Reproduce the listing word for word, leaving every picture behind.

* [Data provided]
□ □ □ □ □ □ □

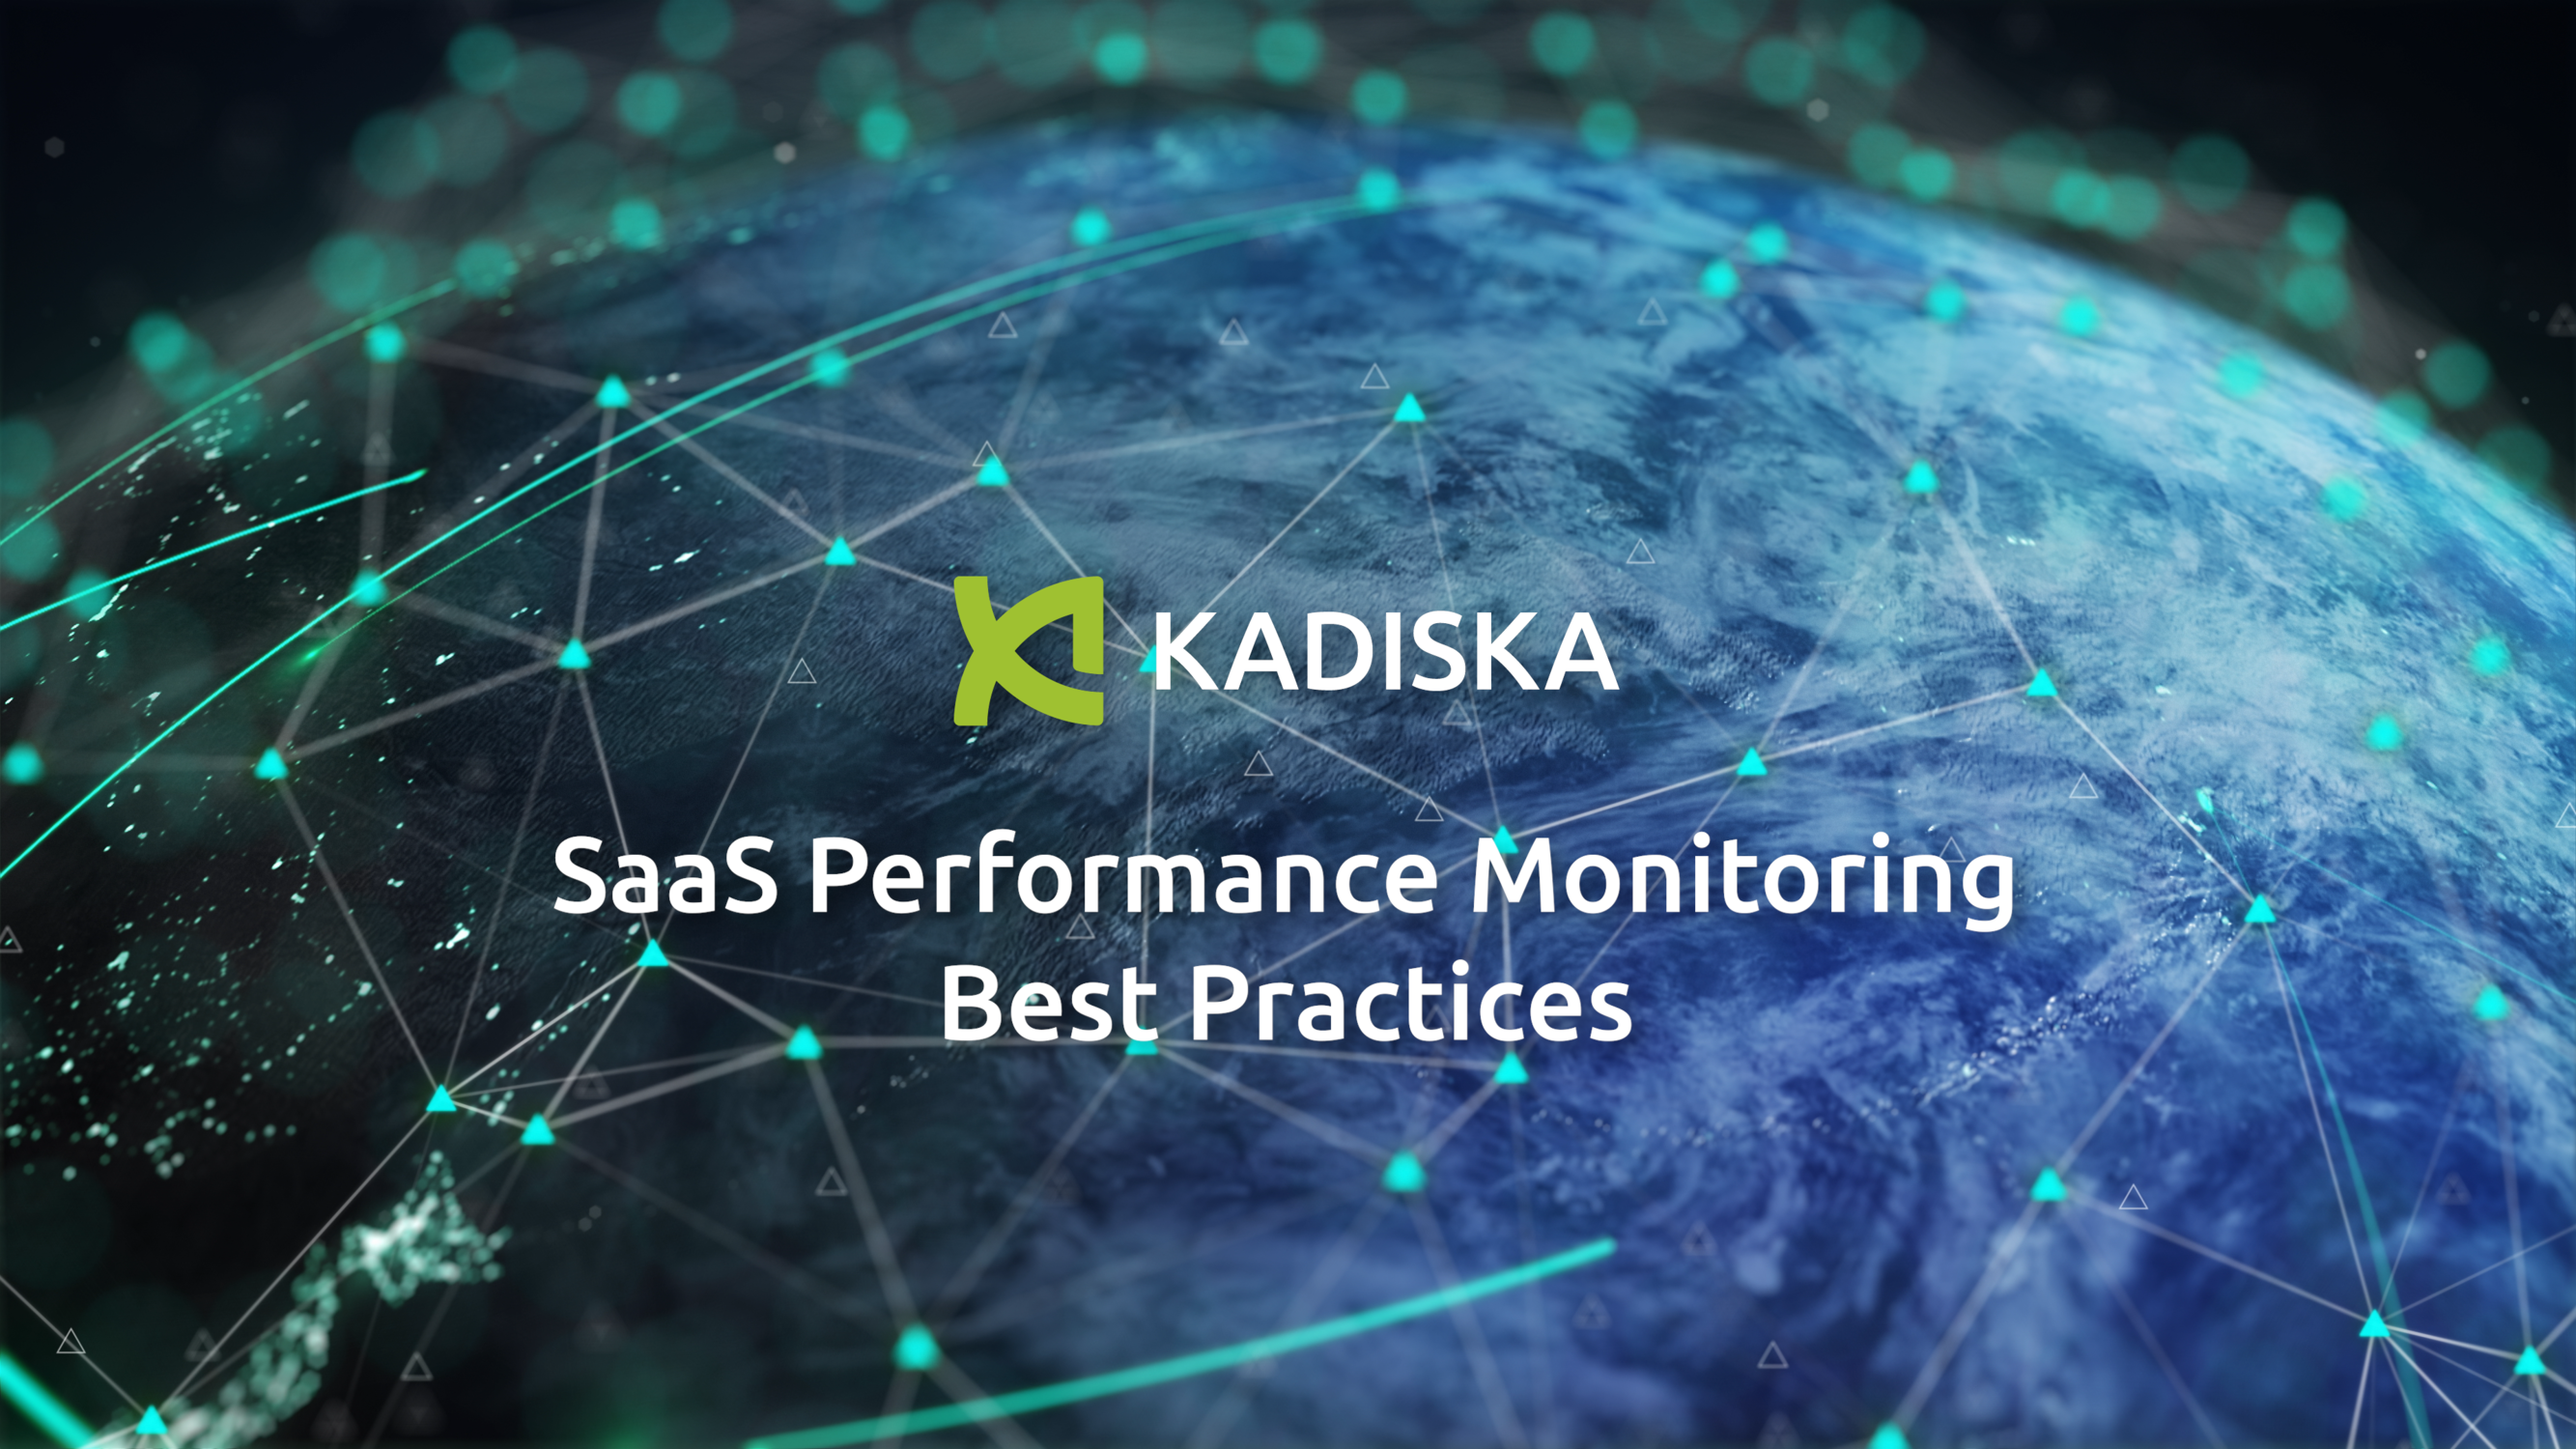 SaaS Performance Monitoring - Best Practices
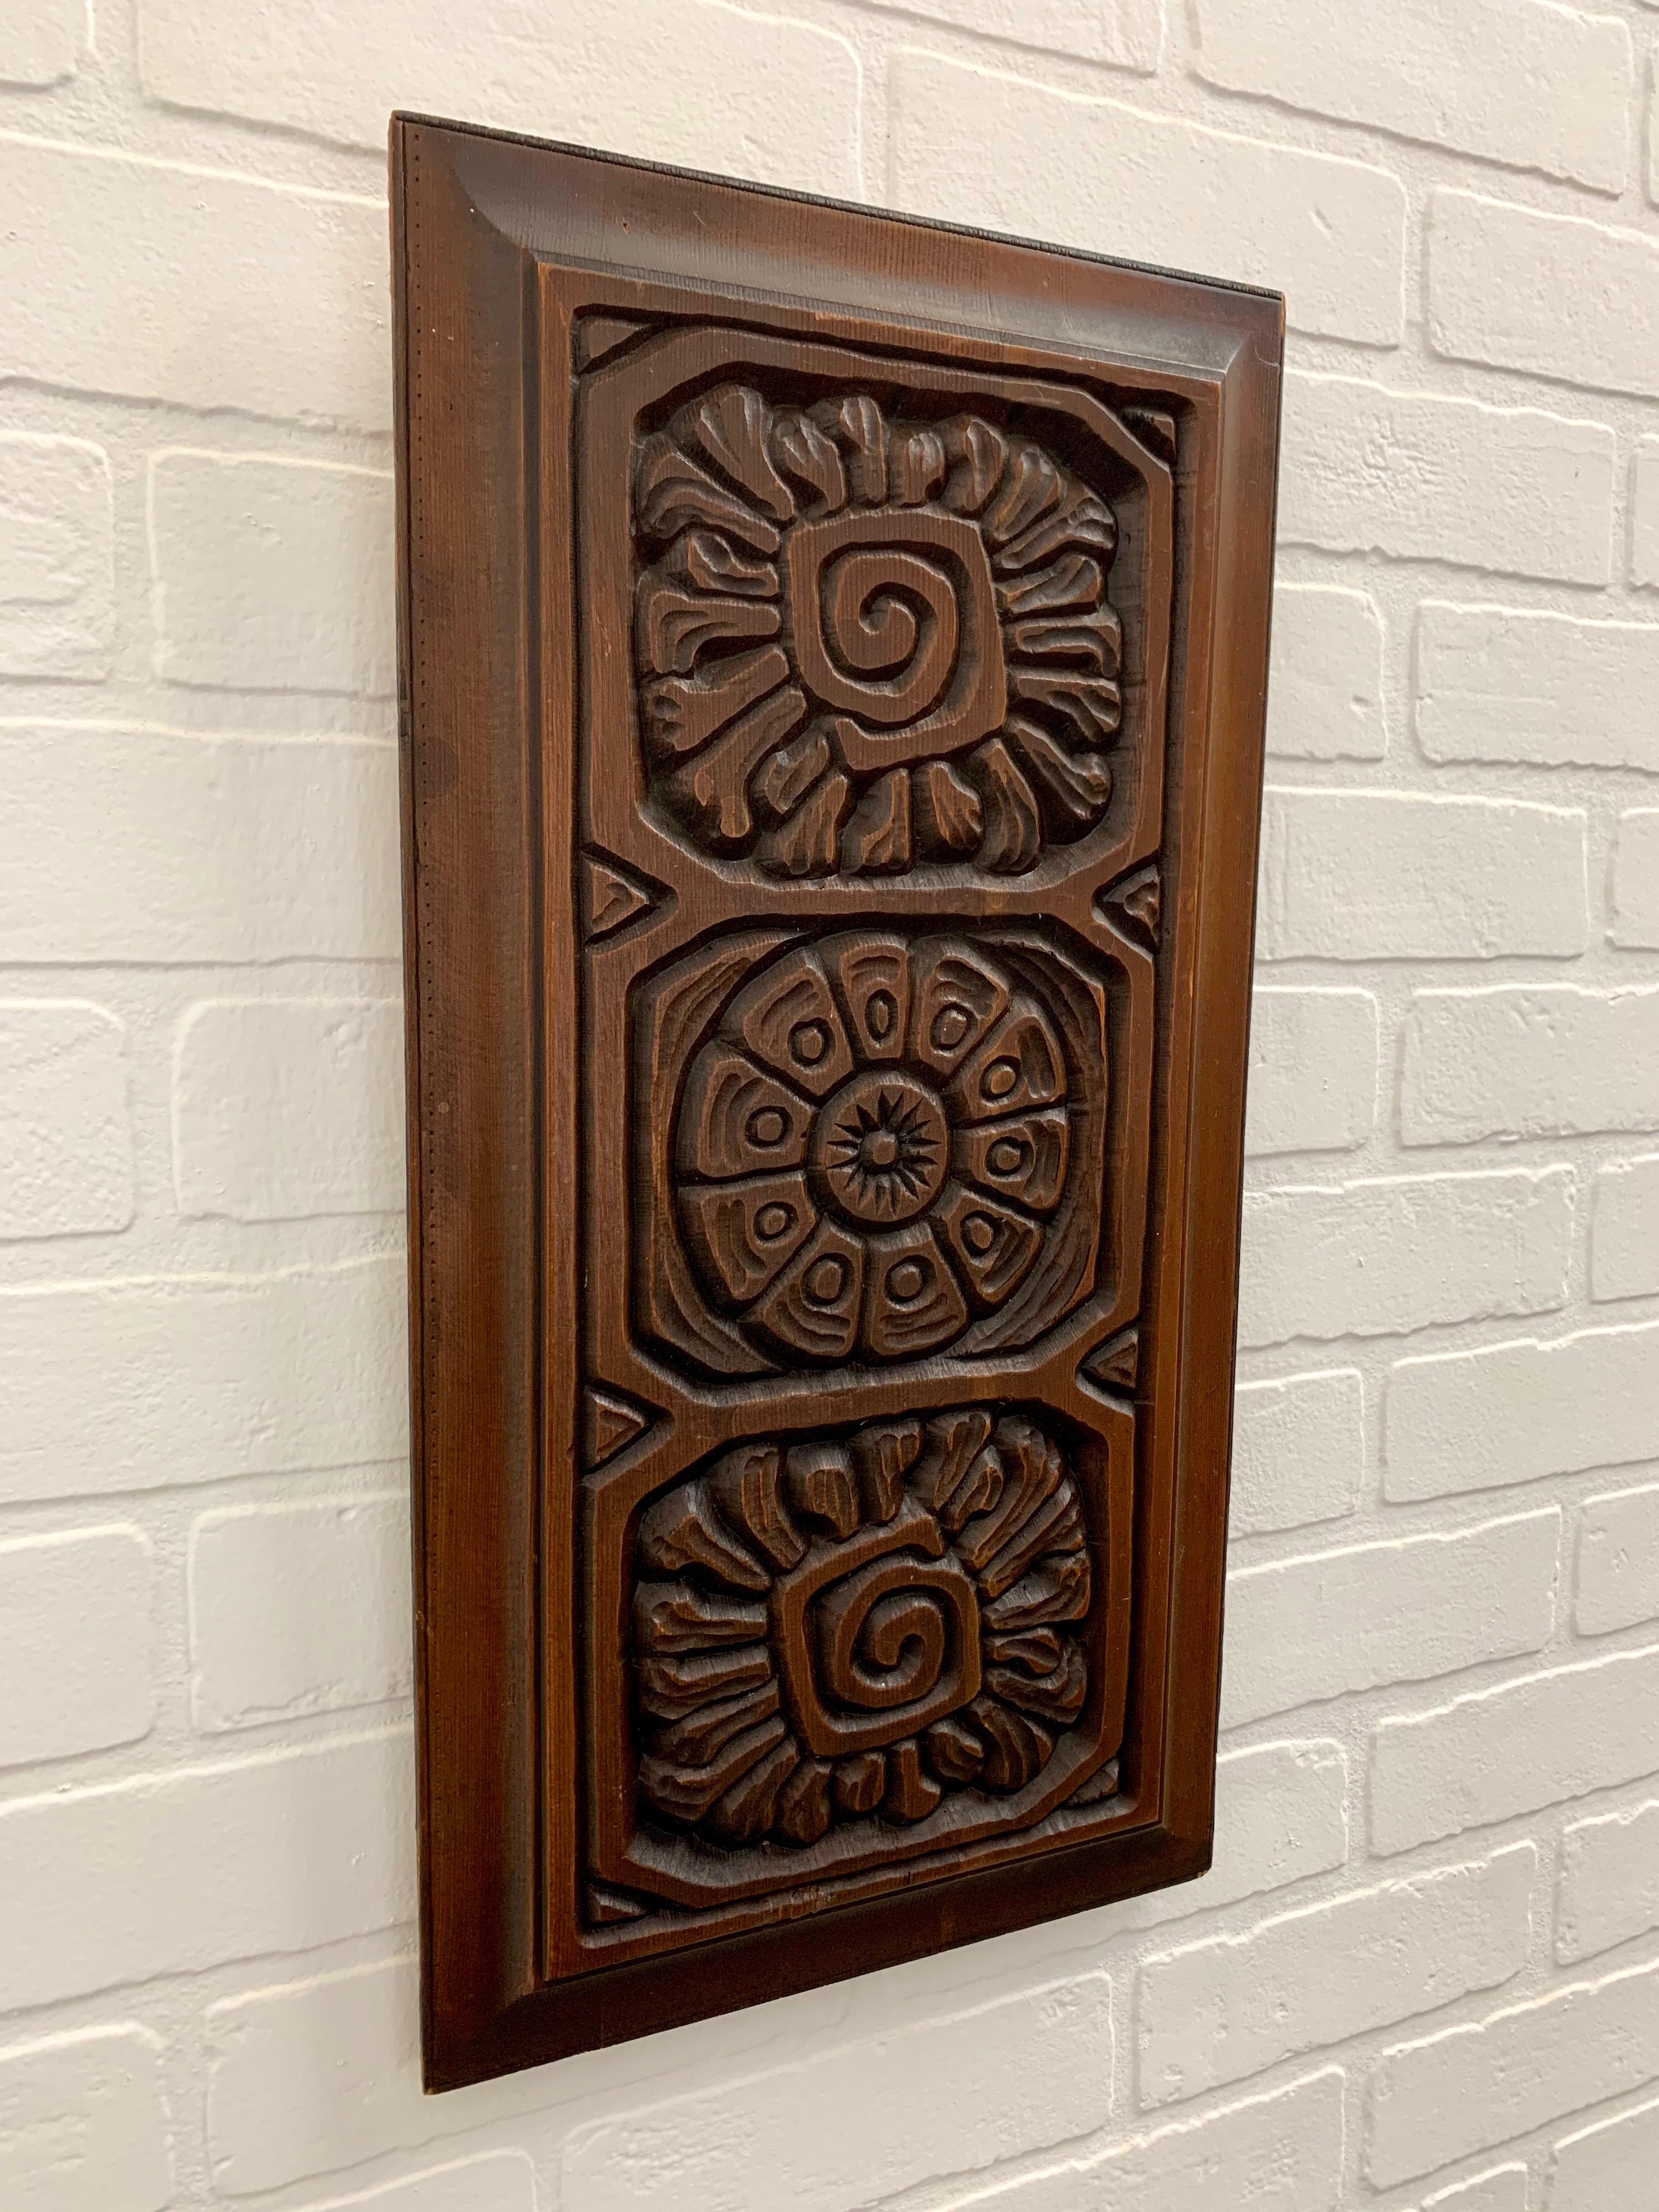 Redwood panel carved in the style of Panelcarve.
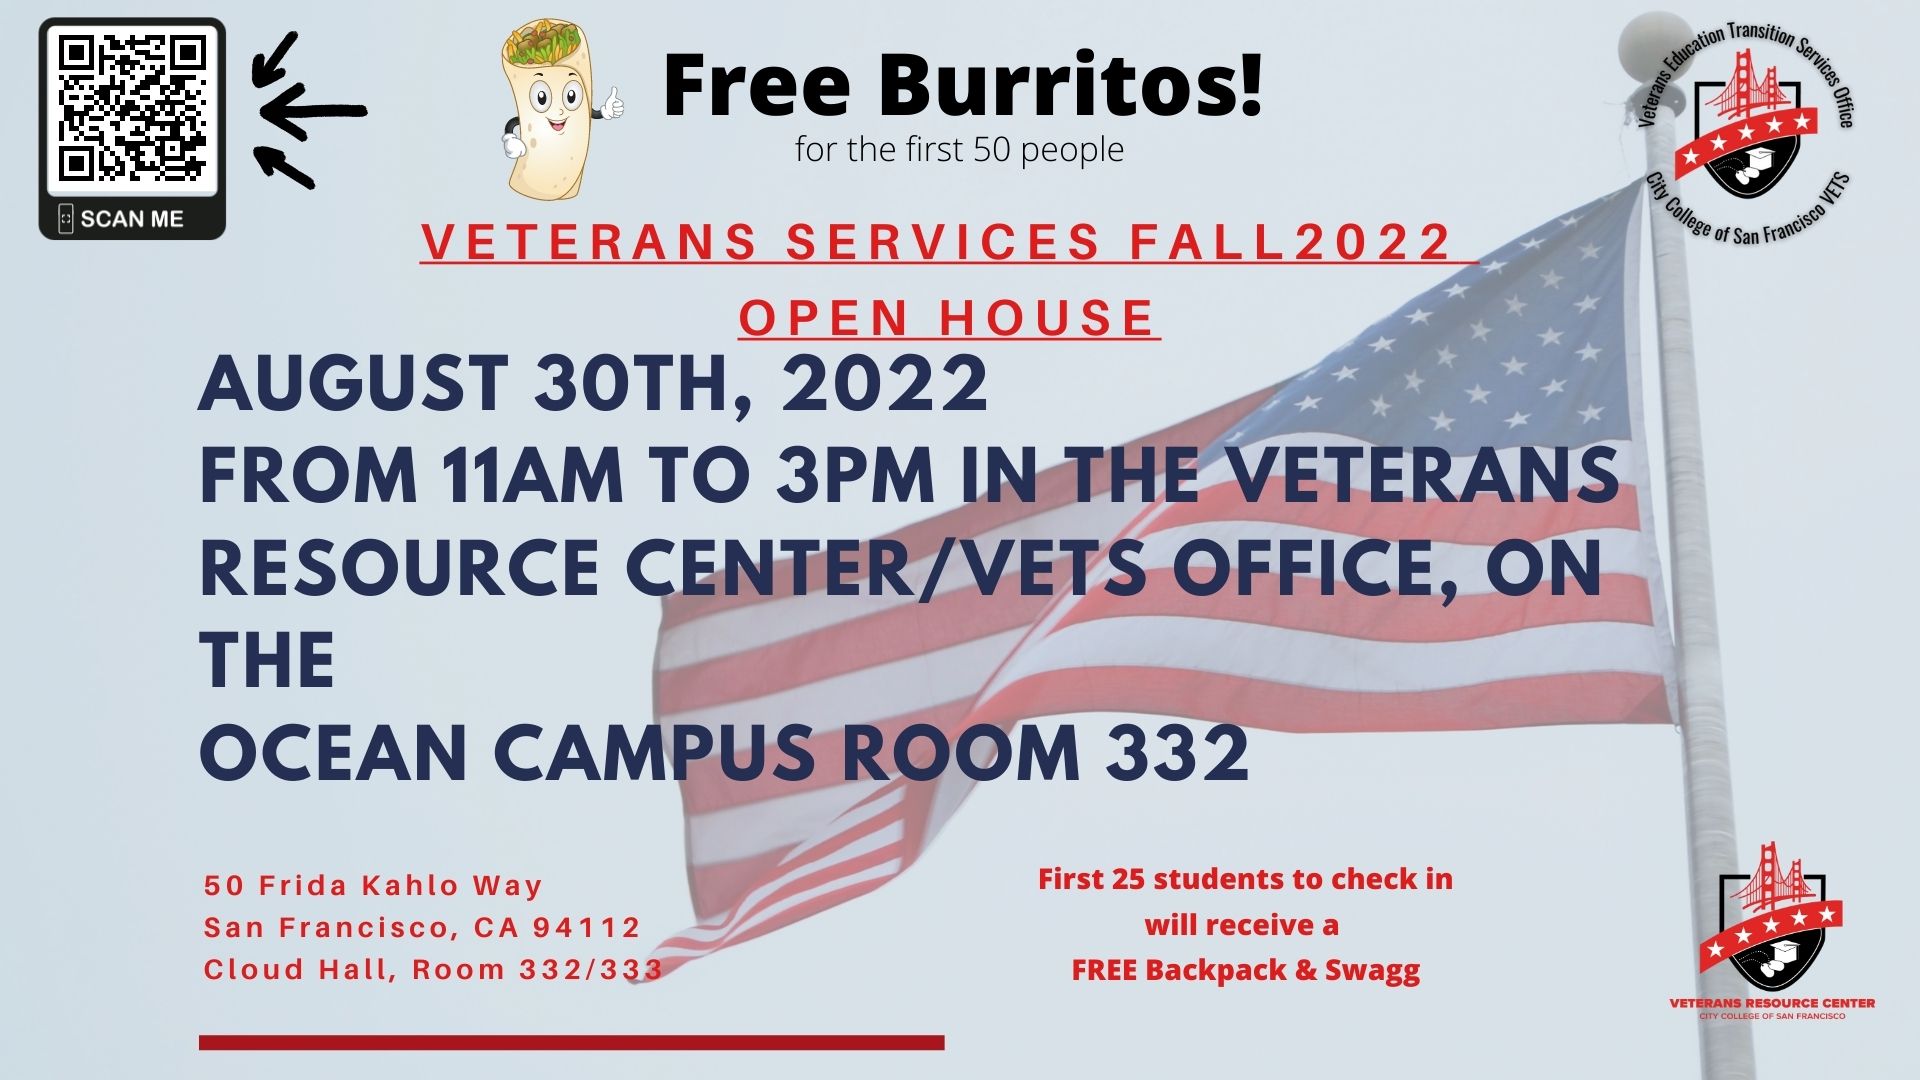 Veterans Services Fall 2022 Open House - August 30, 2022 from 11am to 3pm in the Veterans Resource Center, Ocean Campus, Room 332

□ □ □ □ □ □ □

* [Reply]
 SaaS Performance Monitoring - Best Practices
 Redwood panel carved in the style of Panelcarve.
 Veterans Services Fall 2022 Open House - August 30, 2022 from 11am to 3pm in the Veterans Resource Center, Ocean Campus, Room 332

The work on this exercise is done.